Monday, November 24, 2008


“’'When you want something you want it right now. ... A carload of dollars, social position, the tops.'

'That's just the frame. You're the picture in that frame.'”


A Goldilocks gold digger, a newsie hubby victim, a sloshed sportswriter lover, a jealous weasel reporter, loads of mustaches and gigantic hats, and more hair-color based ambition than an early 90s Madonna tour.

More details here.


Sultry gossip columnist Claire Cummings (Leslie Brooks) marries newspaperman John Hanneman (John Holland) while still in love with a sportswriter Les Burns (Robert Paige). The ink on the marriage license isn't even dray when it becomes apparent that Claire, an ambitious social climber, has carried on multiple affairs with many others. She goes through the motions with Hanneman, who recognizes her lofty aspirations and a gambling problem, and after a few weeks of boredom she's ready to bail. When Hanneman finds her mash note to Burns, he makes the break-up official. Realizing she'll get screwed in divorce court, Claire hatches a plot to kill Hanneman. She enlists the aid of a recently released jailbird (Russ Vincent) to fly her to Hanneman's location, off him, and then fly back to another location in time to establish her alibi. The plot is successful, and she even reunites with Burns and waits for Hanneman's cash to roll in. But that's not enough for this bad blondie. She set her sights on a lawyer running for Congress in the hopes of further social climbing. Tugging a clueless and very thirsty Burns along, she juggles secret rendezvous with both men. When the lawyer wins the election, he rejects Claire and she goes nuts and kills the guy. And poor ol' sap Burns is set-up for the murder.

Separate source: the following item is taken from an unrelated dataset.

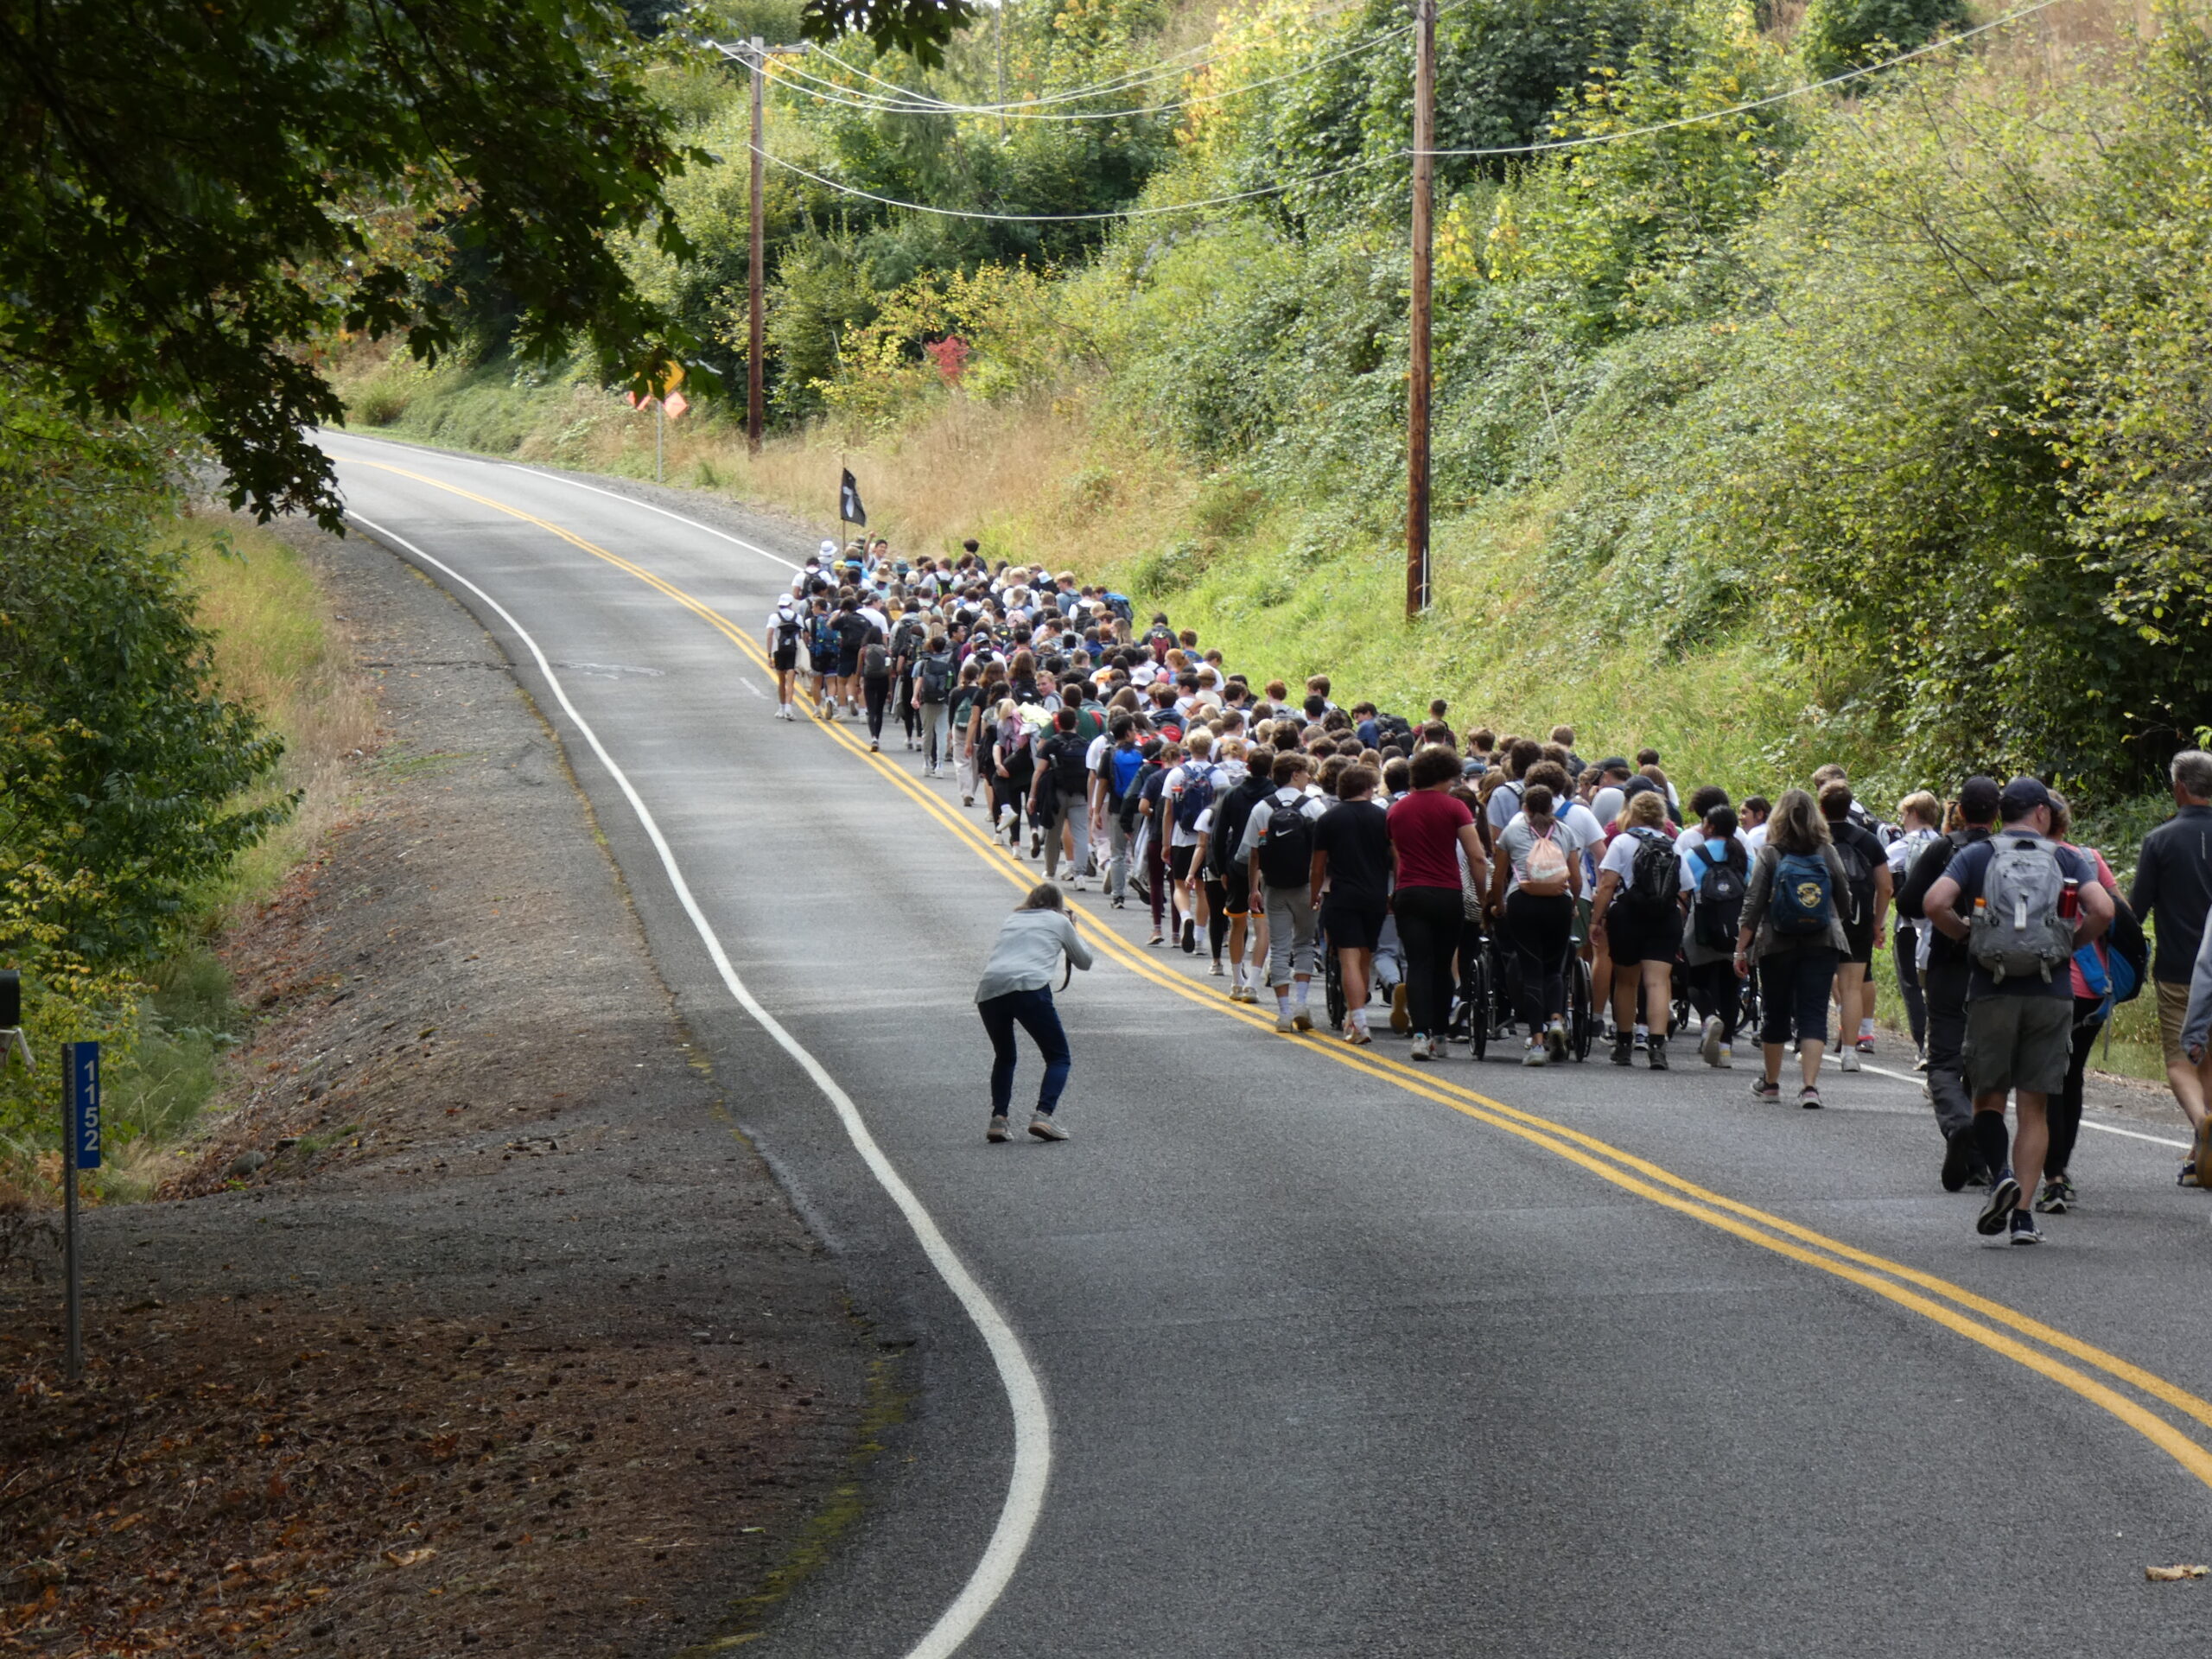 The senior class of 2022 walked the pilgrimage as the current class will do on Saturday, September 16th.

A team of secondary characters made up of the newspaper's editor, Burns' lovelorn secretary, and another lawyer try the rescue Burns from the cold hearted icy grip of the fair-haired little tramp.


Blonde Ice is a playfully wicked noir that has a lot of things going for it: no stars, a no name director, and no budget. But all that lack is balanced against against a vile female lead, a business like pace, and a black-hearted plot. Apparently, the movie has been resurrected and restored after many years in relative obscurity. There's a feature on the DVD that suggests that the film's production may have involved director Edgar G. Ulmer at some point. Ulmer is best known for bleak and low budget film noirs such as Ruthless and Detour, both black spirited but particularly effective thrillers. He was a master of doing more with less, accenting his films with interesting characters and dialog that made up for lack of spectacle or cinematic bravado. Blonde Ice is so mean spirited and heinous that it's apparent why one would conclude that it packs Ulmer's punch. Regardless of Ulmer's influence, Claire is nonetheless a mean little bitch, consumed with the desire for upward mobility that ultimately claims her fate. She's the true black widow in a web of deceit and social maneuvering, and the gorgeous Brooks pulls it off with grace and subtlety. She's surrounded by a troupe of capable actors and everyone turns in fine performances. Adding to the grittiness of the picture are the low budget aesthetics: dim lighting, simple camerawork, and stark compositions. Blonde Ice is ultimately a step above conventional B movie fare with a surprisingly strong female lead, an engaging story, and a twisted little crime thriller unearthed for your femme fatale desires.